Re: Caution! Dirty, Naughty Jokes Ahead!

I took my wife to a restaurant.
The waiter, for some reason, took my order first.
"I'll have the strip steak, medium rare, please."
He said, "Aren't you worried about the mad cow?""
Nah, she can order for herself."
And that’s when the fight started...

Re: Caution! Dirty, Naughty Jokes Ahead!

lol:lol::lol::lol: where on earth are you getting these they are so funny

Re: Caution! Dirty, Naughty Jokes Ahead!

Two doctors were in a hospital hallway one day complaining about Nurse Jenny. "She's incredibly dumb. She does everything absolutely backwards." said one doctor. "Just last week, I told her to give a patient 2 milligrams of Percocet every 10 hours.
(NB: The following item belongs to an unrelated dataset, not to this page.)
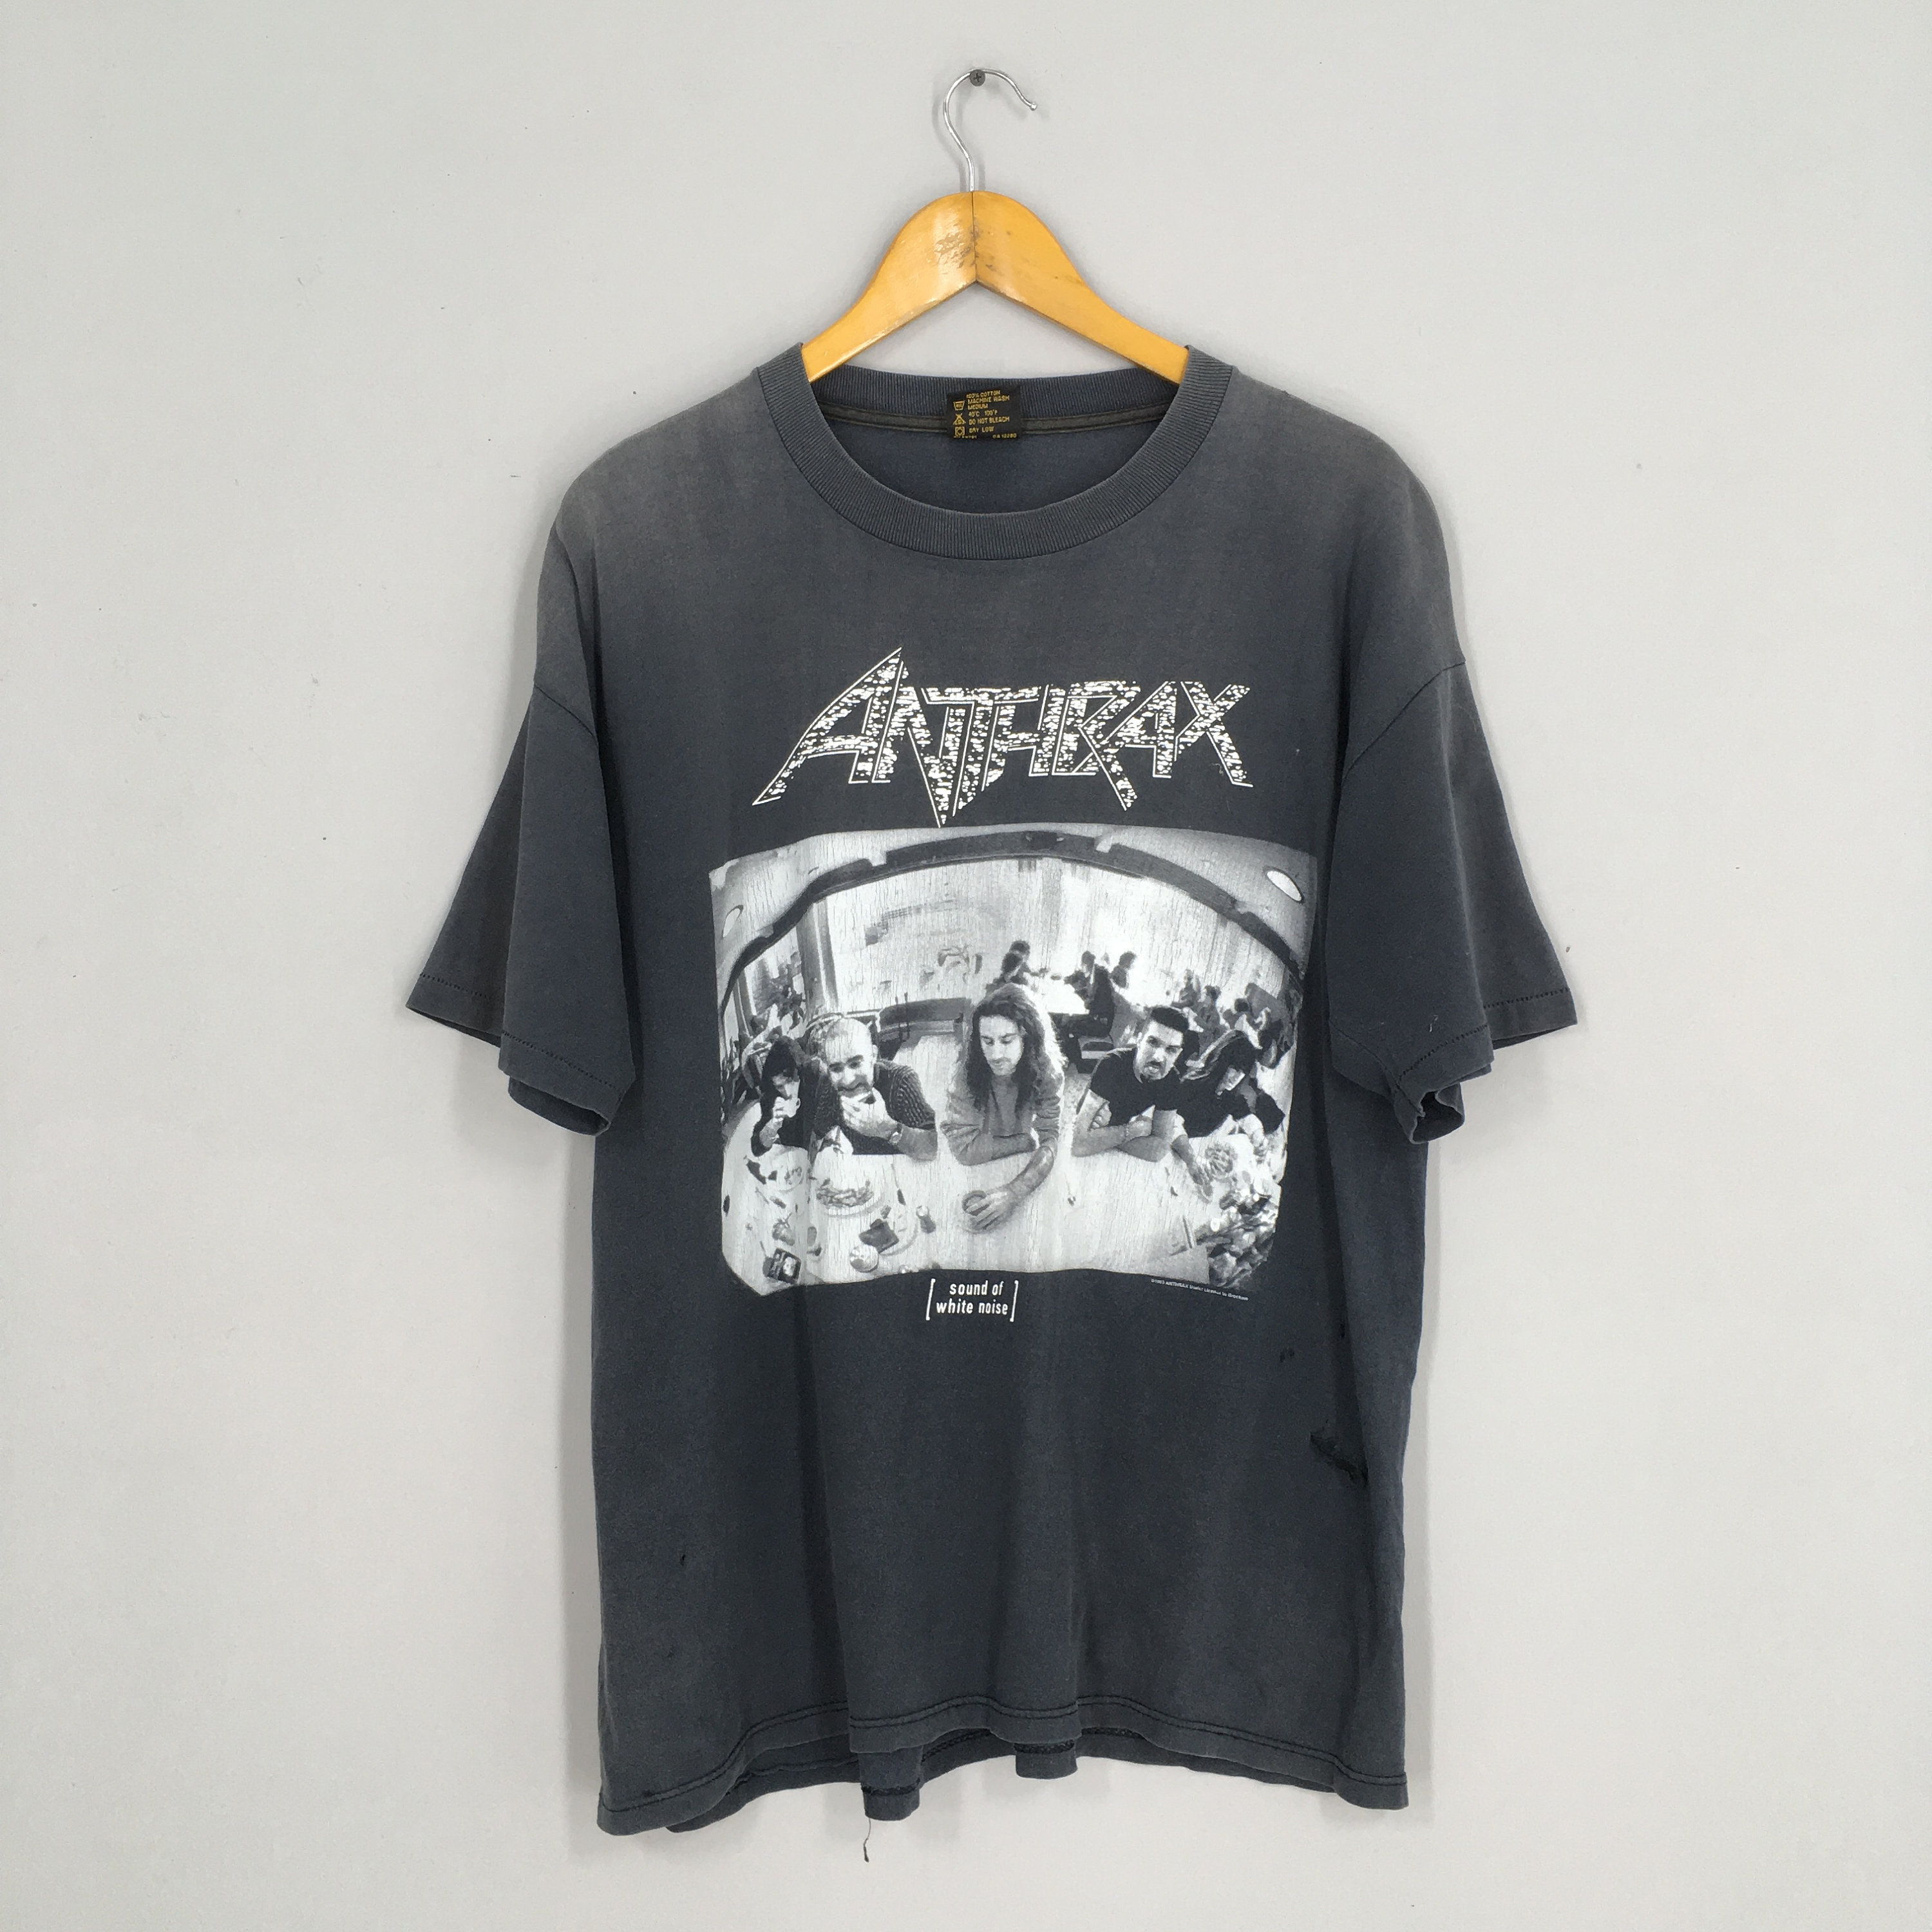 Vintage Anthrax Sound of White Noise Tshirt Xlarge 1990s - Etsy

She gave him 10 milligrams every 2 hours. He nearly died on us!"

The second doctor said, "That's nothing. Earlier this week, I told her to give a patient an enema every 24 hours. She tried to give him 24 enemas in one hour! The guy nearly exploded!"
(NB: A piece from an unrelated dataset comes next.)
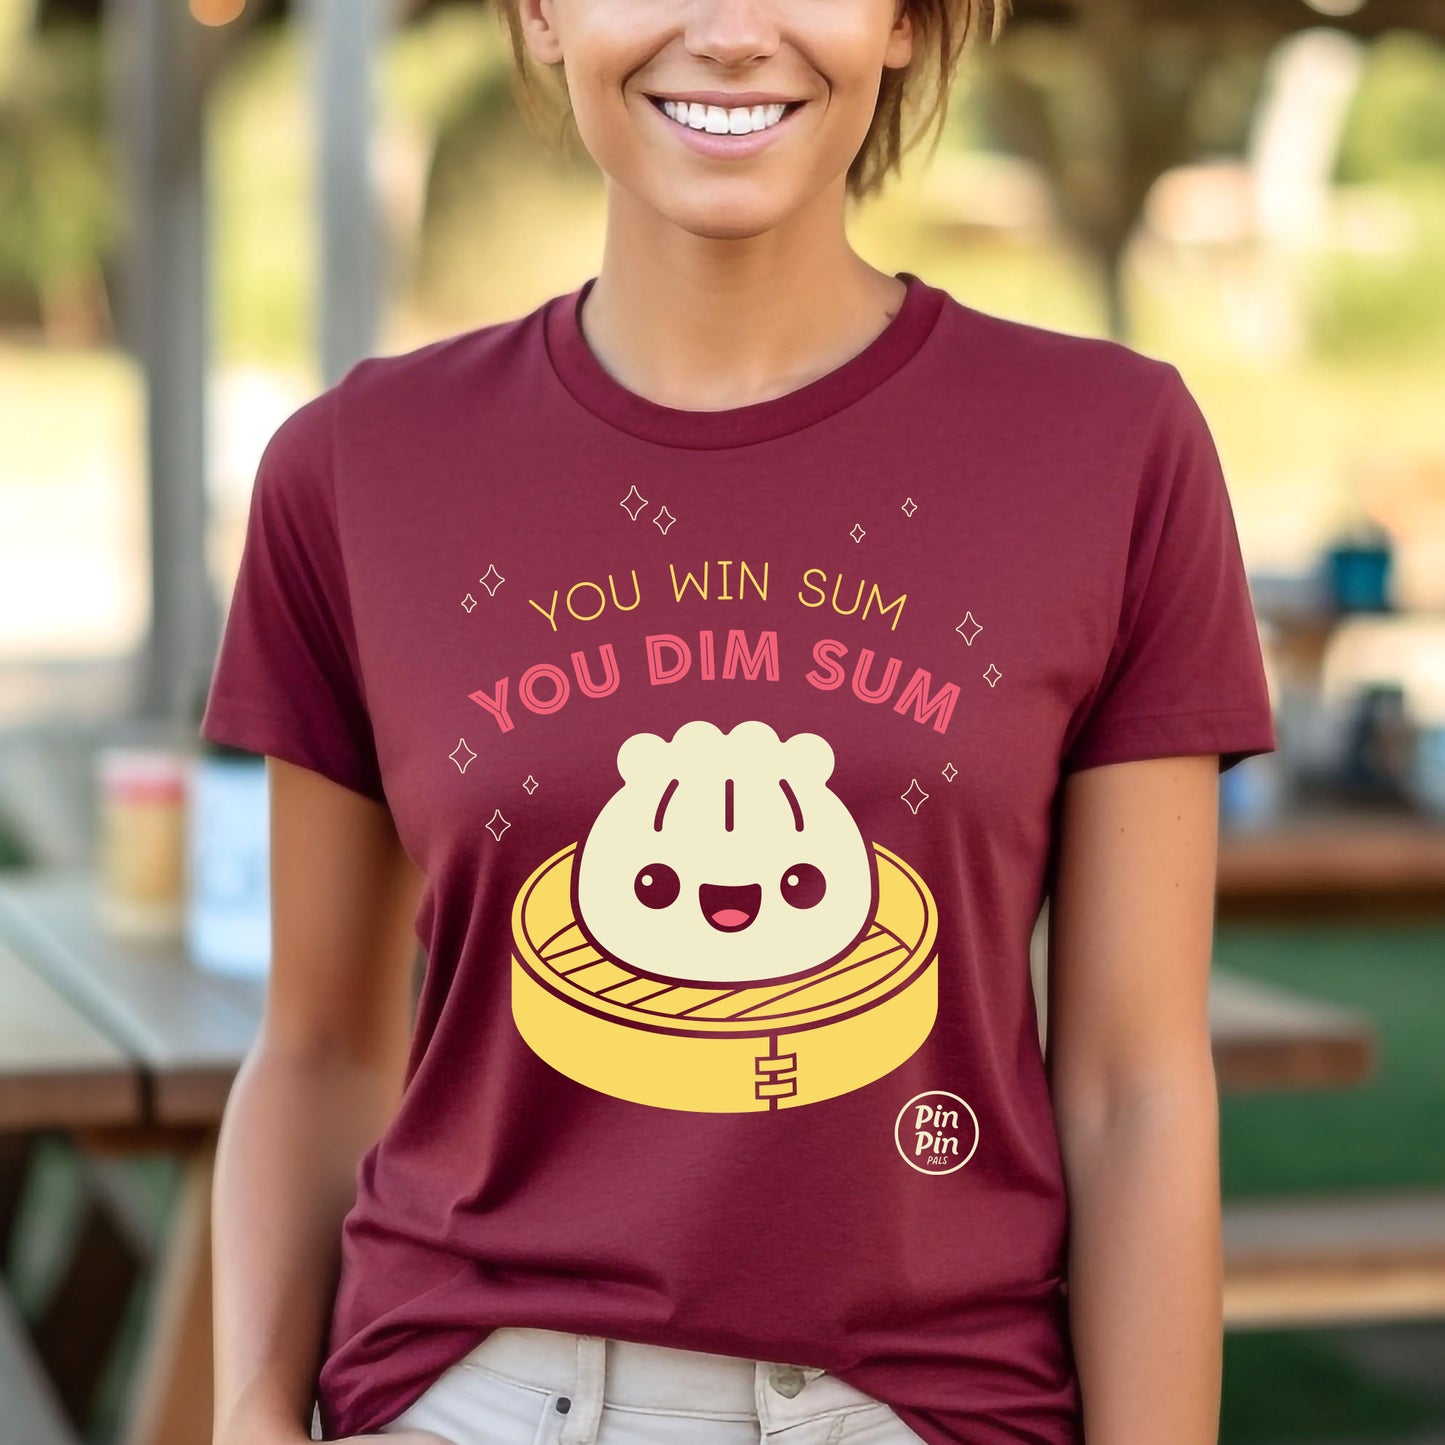 You Win Sum, You Dim Sum - Adult Unisex T-shirt

Suddenly, they hear this blood-curdling scream from down the hall. "Oh my God!" said the first doctor, "I just realized I told Nurse Jenny to prick Mr. Smith's boil!"

Re: Caution! Dirty, Naughty Jokes Ahead!

I went to see the nurse this morning for my annual check-up.
She said I had to stop masturbating.
When I asked why she said, "Because I'm trying to examine you!"

Last edited by deadhorse13 (2009-09-24 15:43:30)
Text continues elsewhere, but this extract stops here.